This is a rush transcript from "Special Report," August 29, 2011. This copy may not be in its final form and may be updated.


KIRSTEN KUKOWSKI, RNC SPOKESWOMAN: Right now we're just working with each state to mak e sure they're in compliance with the rules that quite frankly both the RNC and the DNC set forth. So I think right now, everything is going as planned and, ya know, we look forward to making sure every state is in compliance.

ANDY PALMER, FLORIDA REPUBLICAN PARTY EXECUTIVE DIRECTOR: Florida has a critical role start to finish in this process. And I think that's really the logic behind putting us up earlier in the process in spite of what the RNC calendar looks like.


SHANNON BREAM, ANCHOR: Alright, Florida is one of the states asking about moving up. Now, before the break, we asked you, should Iowa and New Hampshire always go first in the presidential primary season? 56 percent of you say no, 44 percent say yes. So let's talk about it with our panel. Mara, what do you think?

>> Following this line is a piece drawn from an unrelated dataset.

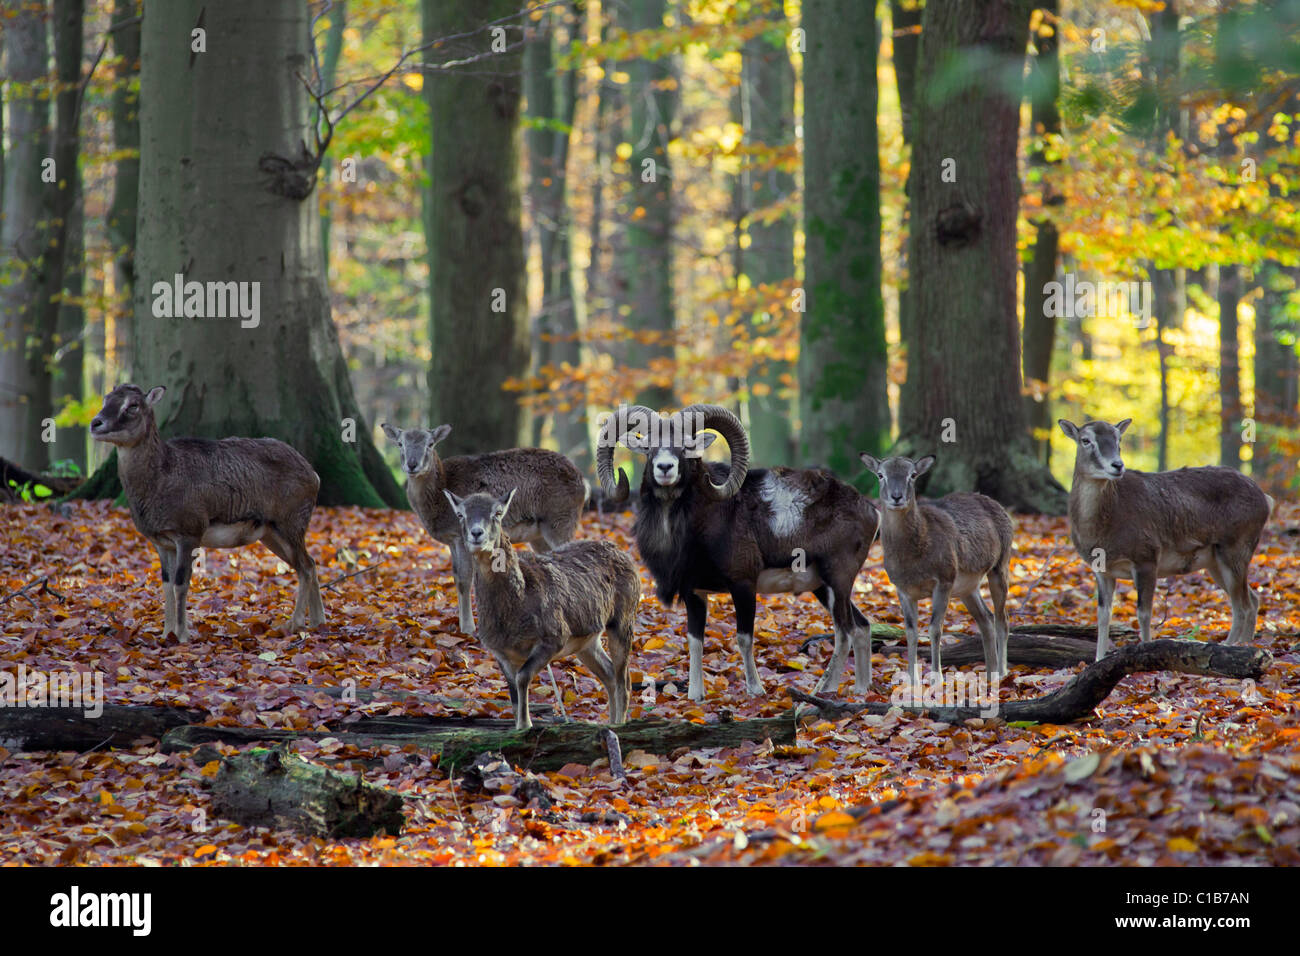 Mouflon (Ovis gmelini européenne / Ovis ammon musimon / Ovis orientalis musimon) ram avec troupeau en forêt en automne, Allemagne Banque D'Images

MARA LIASSON, NATIONAL PUBLIC RADIO: Look, Iowa and New Hampshire are always going to go first regardless of what people -- whether people think they should. Iowa and New Hampshire have enshrined their first in the nation spot. So if everybody else moves up, they will go in 2011 if they have to --

BREAM: By state law.

LIASSON: By state law. So what we're really talking about is how early are the other states going to move up, because that will push Iowa and New Hampshire even earlier. And for most people who cover politics, we kind of like it the way the parties set it up. Where it happens in February and it's more or less orderly. But every so often, every couple of years, there are ideas for how to reform the primary process. One of my favorite is that after you have the first four guys - states - go first, you have a rotating series of four regional primaries --

BREAM: Super regionals.

LIASSON: -- like Super Tuesdays. But that didn't catch on. Everybody wants to get to the front of the line.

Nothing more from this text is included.